When Mirjam Geven first met Victor and Bianca de Bruijn, she was married. Yet after several meetings between Mirjam, her then-husband, and the De Bruijns, Mirjam left her spouse and moved in with Victor and Bianca. The threesome bought a bigger bed, while Mirjam and her husband divorced. Although neither Mirjam nor Bianca had had a prior relationship with a woman, each had believed for years that she was bisexual. Victor, who describes himself as "100 percent heterosexual," attributes the trio's success to his wives' bisexuality, which he says has the effect of preventing jealousy...
News of the Dutch three-way wedding filtered into the United States through a September 26 report by Paul Belien, on his Brussels Journal website. The story spread through the conservative side of the Internet like wildfire, raising a chorus of "I told you so's" from bloggers who'd long warned of a slippery slope from gay marriage to polygamy.

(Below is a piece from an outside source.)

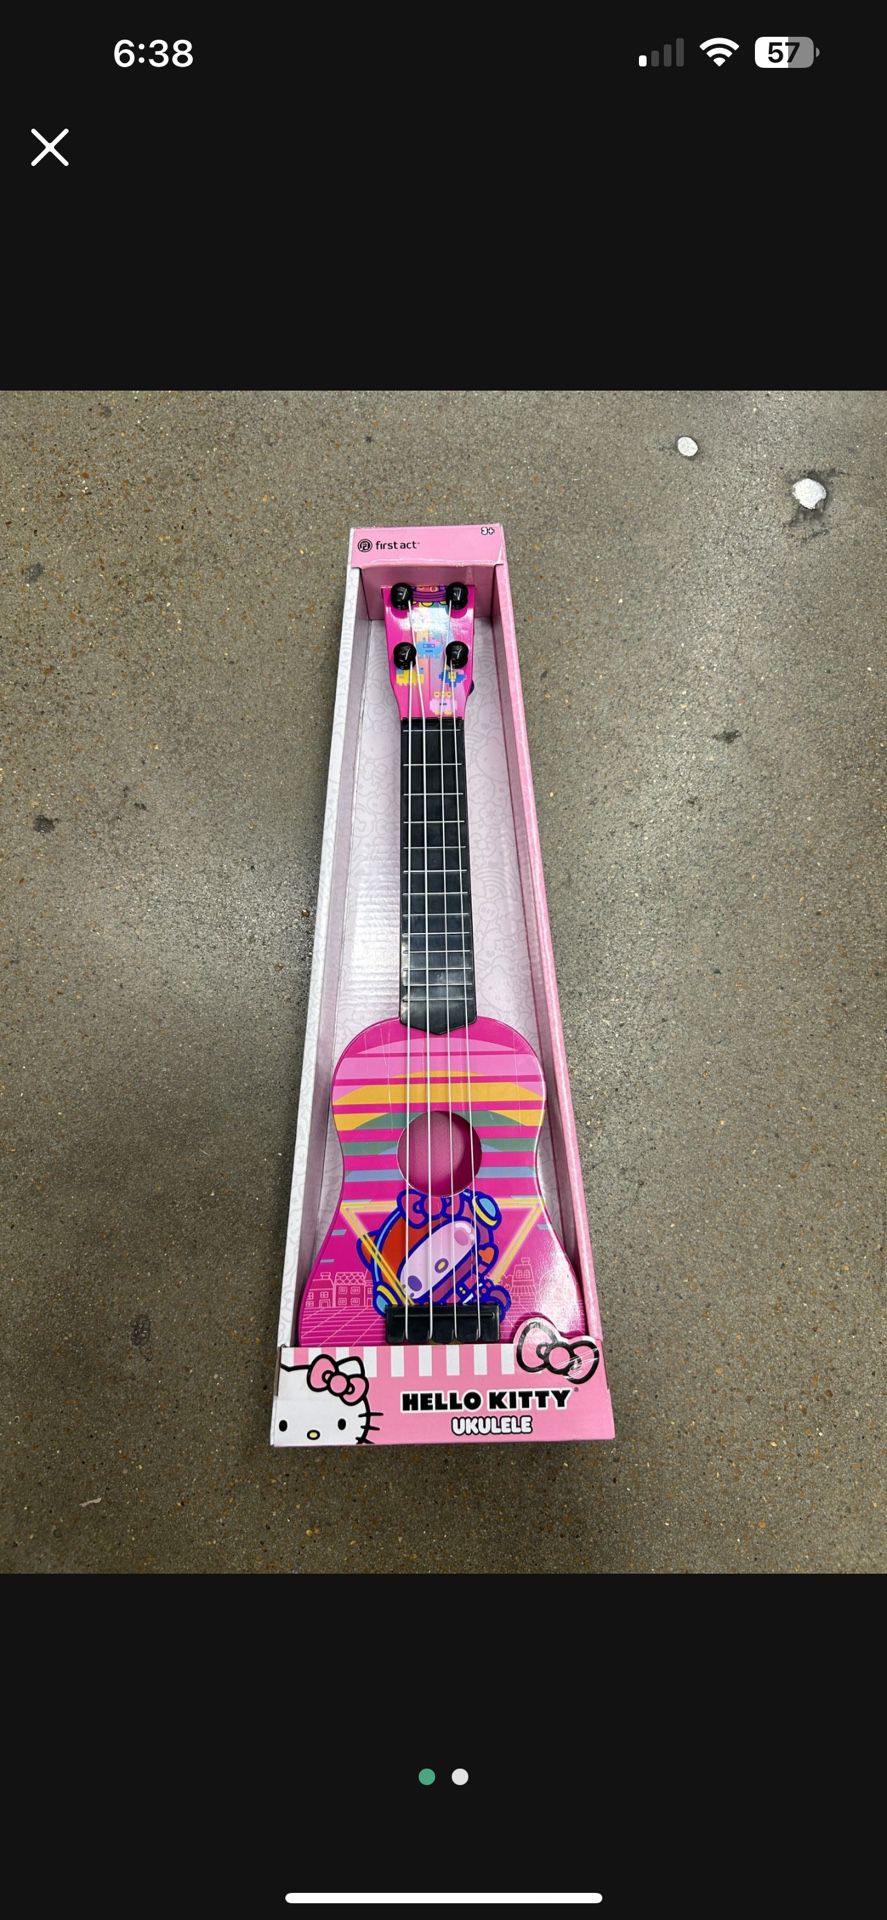 NWT hello kitty ukulele 
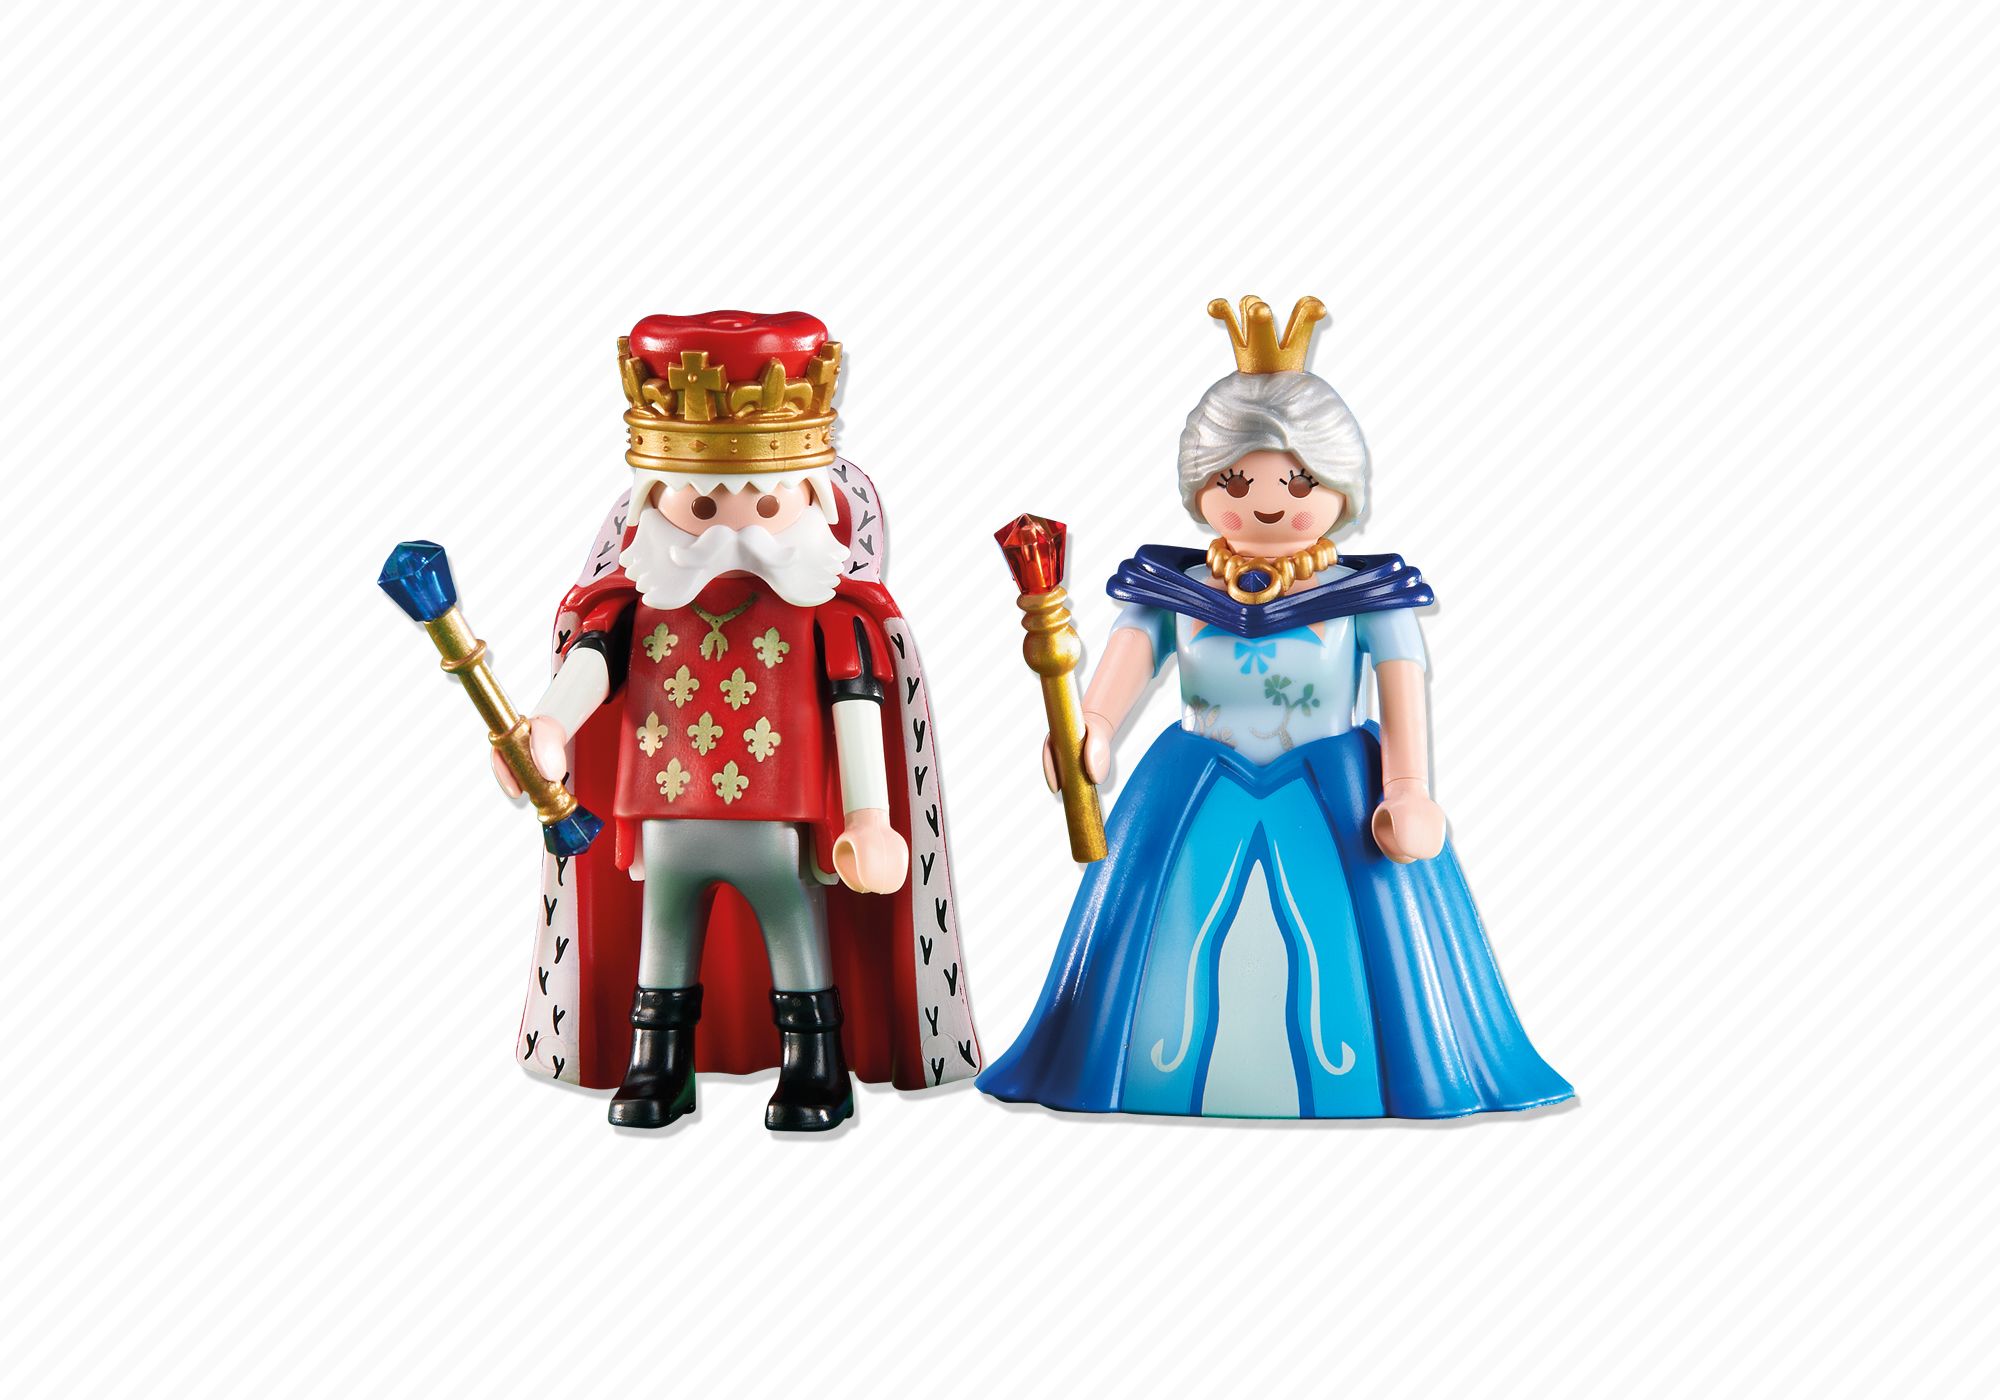 Читать в королева ты моя игрушка. Плеймобил Король. Playmobil фигурка королевы. Игрушка Король. Игрушки Король и Королева.

Meanwhile, gay marriage advocates scrambled to put out the fire. M.V. Lee Badgett, an economist at the University of Massachusetts, Amherst, and research director of the Institute for Gay and Lesbian Strategic Studies, told a sympathetic website, "This [Brussels Journal] article is ridiculous. Don't be fooled--Dutch law does not allow polygamy." Badgett suggested that Paul Belien had deliberately mistranslated the Dutch word for "cohabitation contract" as "civil union," or even "marriage," so as to leave the false impression that the triple union had more legal weight than it did. Prominent gay- marriage advocate Evan Wolfson, executive director of Freedom to Marry, offered up a detailed legal account of Dutch cohabitation contracts, treating them as a matter of minor significance, in no way comparable to state-recognized registered partnerships.
In short, while the Dutch triple wedding set the conservative blogosphere ablaze with warnings, same-sex marriage advocates dismissed the story as a silly stunt with absolutely no implications for the gay marriage debate. And how did America's mainstream media adjudicate the radically different responses of same-sex marriage advocates and opponents to events in the Netherlands? By ignoring the entire affair.
Yet there is a story here. And it's bigger than even those chortling conservative websites claim. While Victor, Bianca, and Mirjam are joined by a private cohabitation contract rather than a state-registered partnership or a full-fledged marriage, their union has already made serious legal, political, and cultural waves in the Netherlands. To observers on both sides of the Dutch gay marriage debate, the De Bruijns' triple wedding is an unmistakable step down the road to legalized group marriage.
I mentioned plural marriage to the wife. She began loading the sidearm.
Well isn't that special, PING!!!
Raise your hand if you find one woman enough trouble.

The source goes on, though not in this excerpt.